*WHAT THIS TASK INVOLVES*: Write out the listing below in its entirety, minus the pictures, without changing a word.

*MATERIAL PROVIDED*:
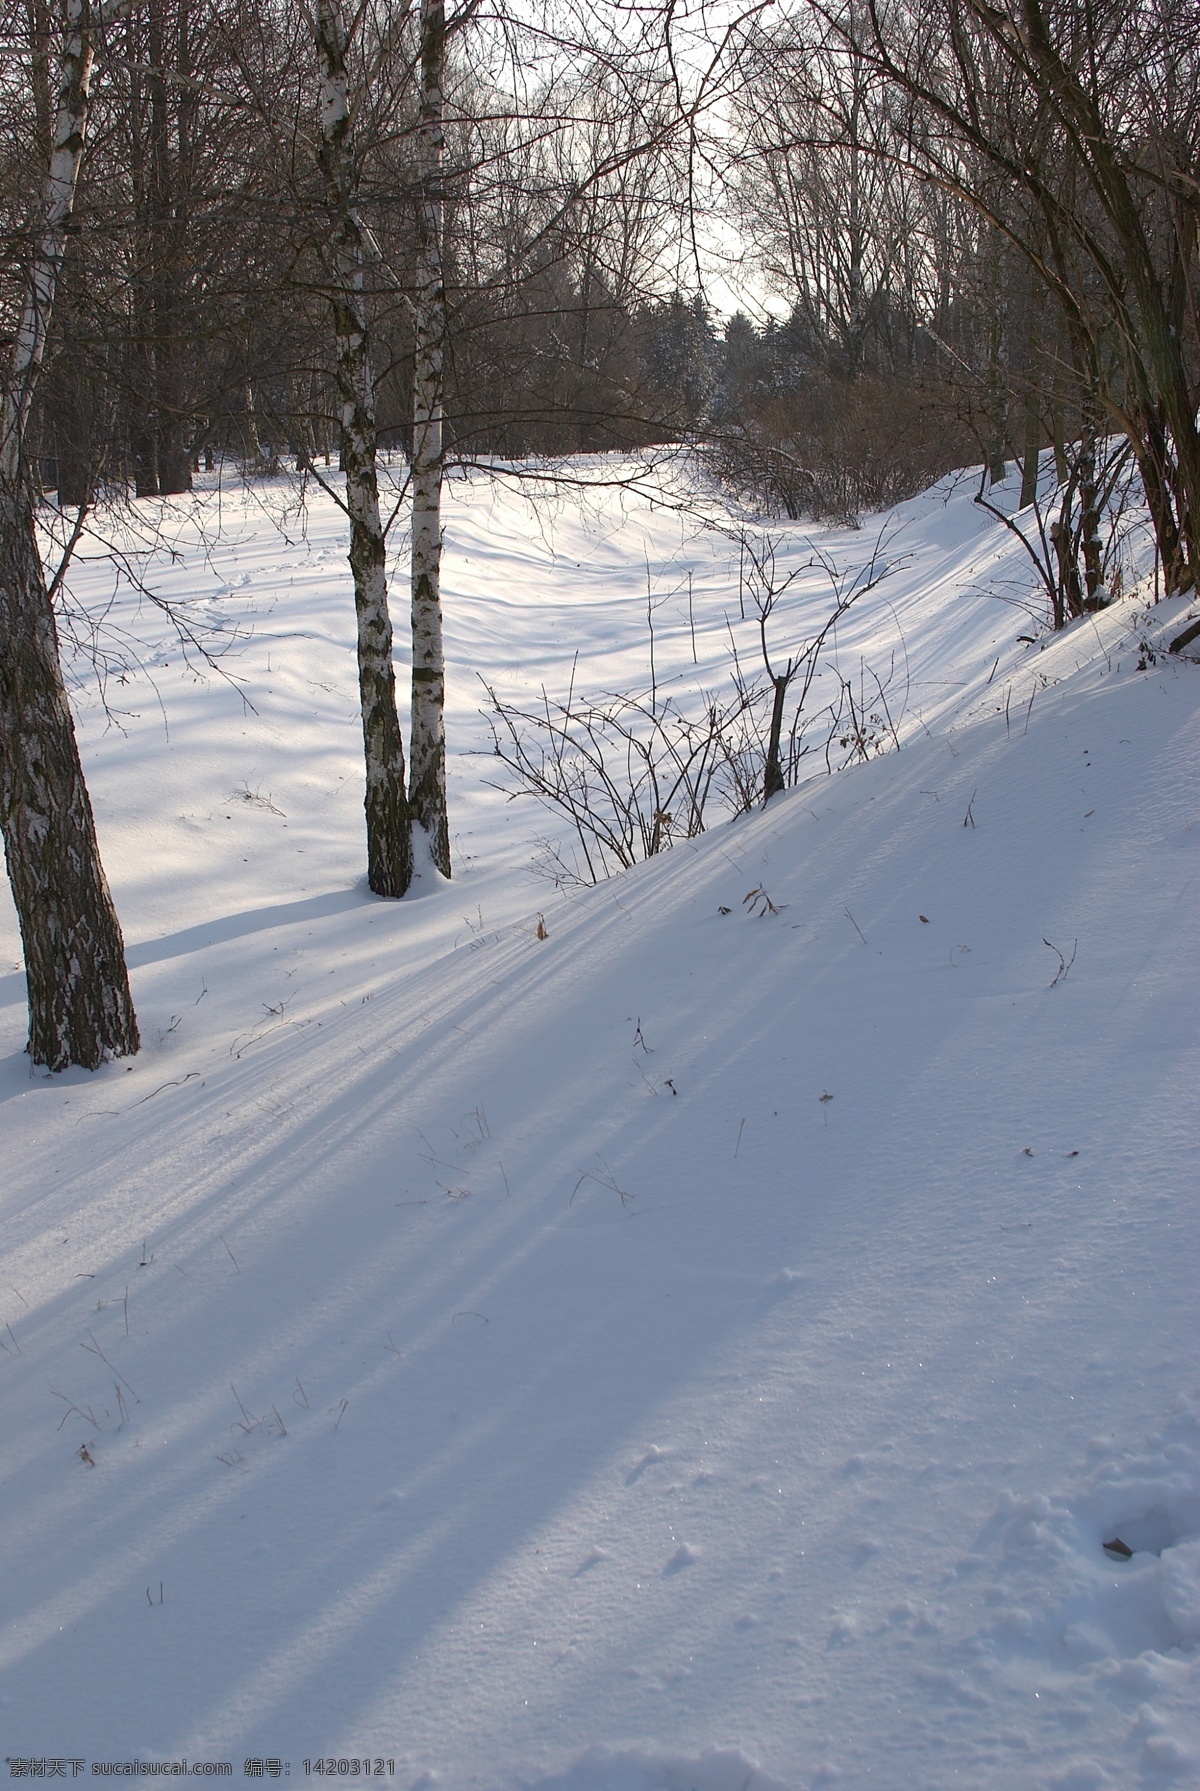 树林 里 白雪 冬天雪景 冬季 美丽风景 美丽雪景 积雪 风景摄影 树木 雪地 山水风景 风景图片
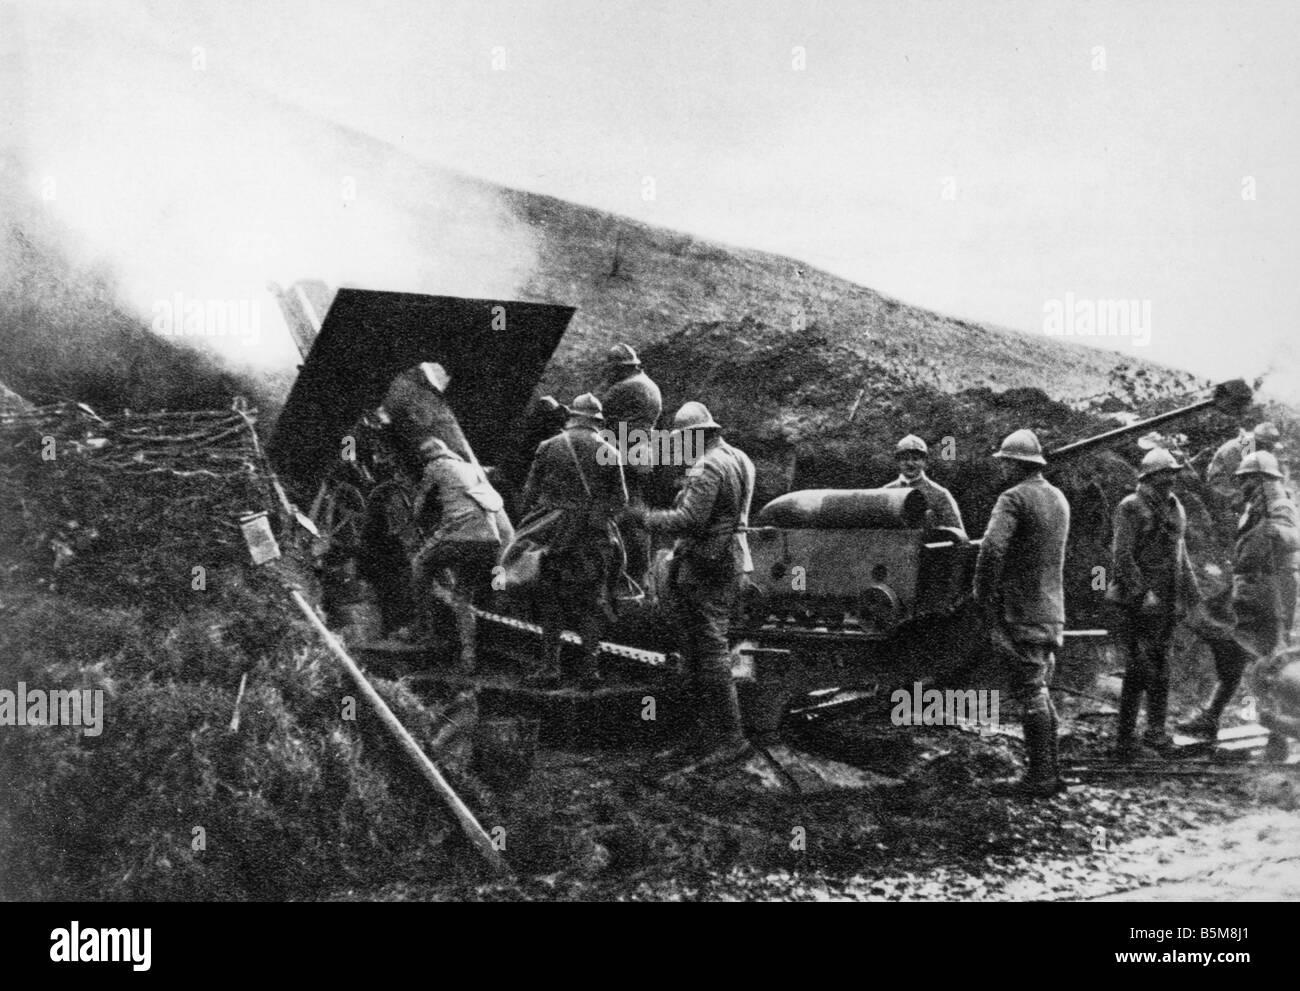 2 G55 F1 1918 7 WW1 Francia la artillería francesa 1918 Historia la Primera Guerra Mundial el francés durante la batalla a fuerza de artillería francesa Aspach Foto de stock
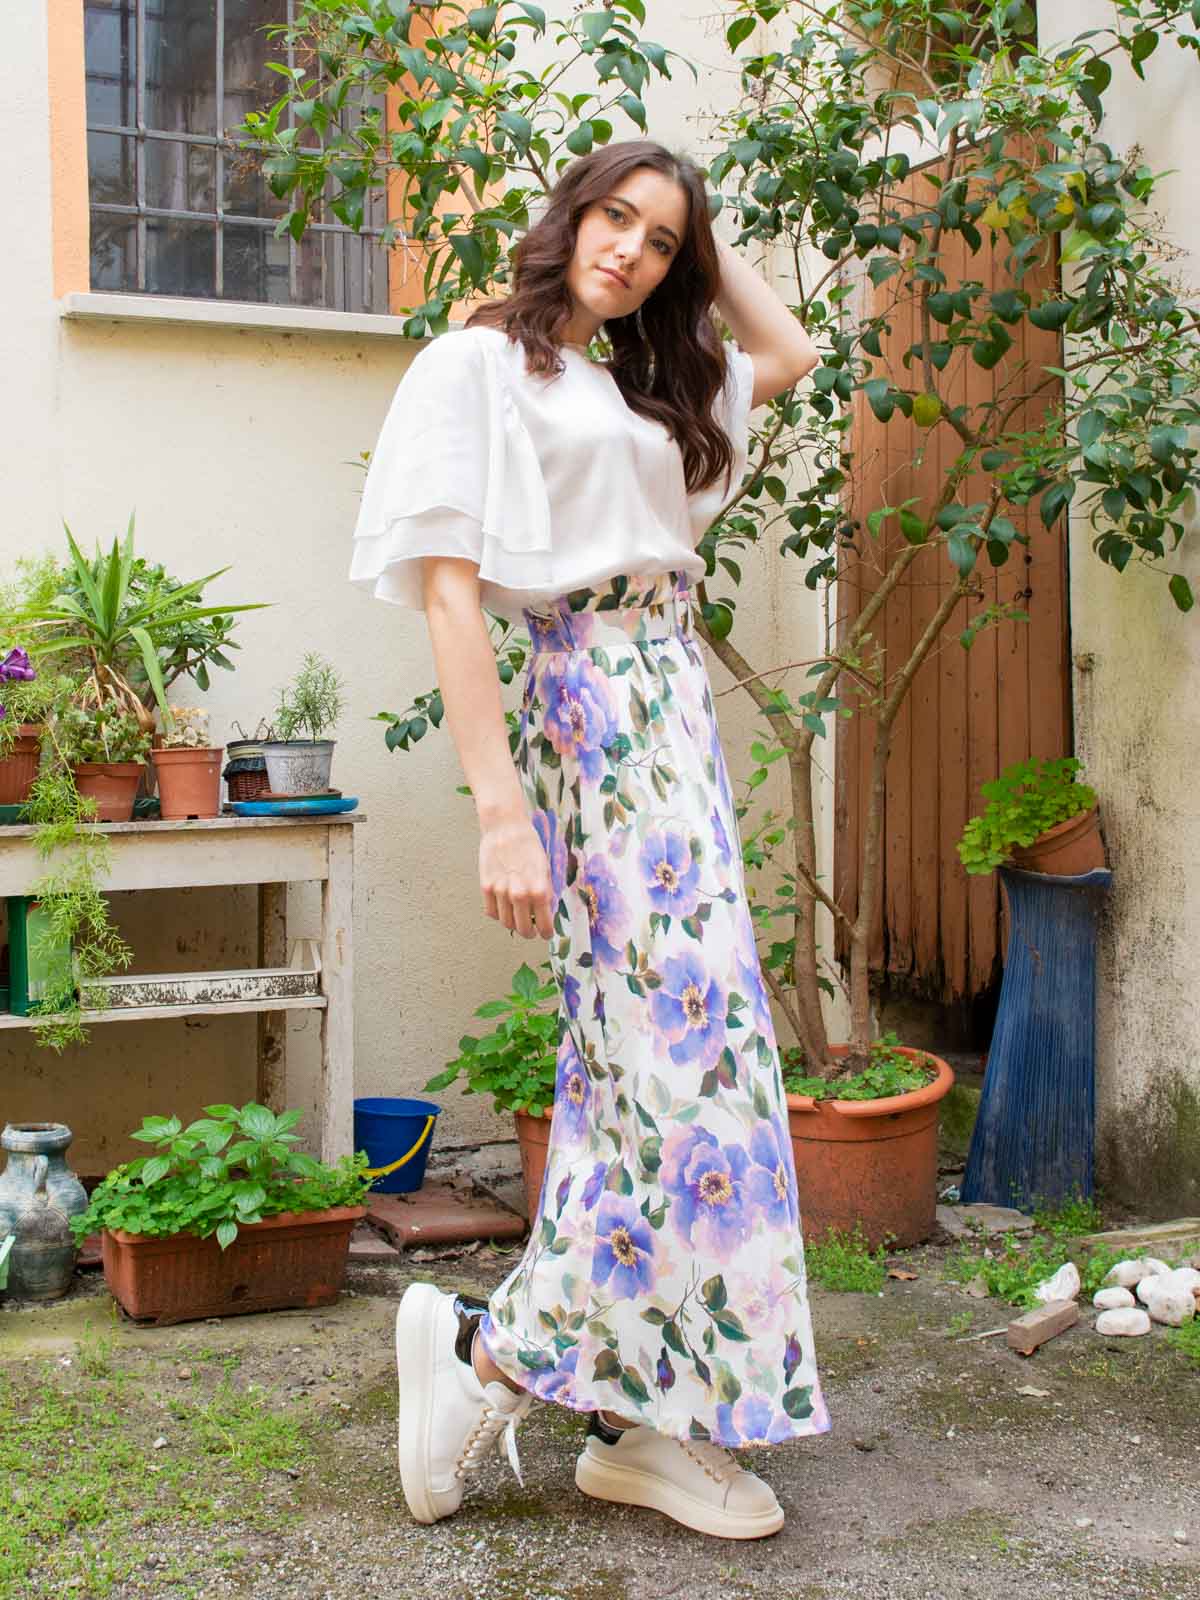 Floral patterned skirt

*SOLUTION*:
 树林 里 白雪 冬天雪景 冬季 美丽风景 美丽雪景 积雪 风景摄影 树木 雪地 山水风景 风景图片
 2 G55 F1 1918 7 WW1 Francia la artillería francesa 1918 Historia la Primera Guerra Mundial el francés durante la batalla a fuerza de artillería francesa Aspach Foto de stock
 Floral patterned skirt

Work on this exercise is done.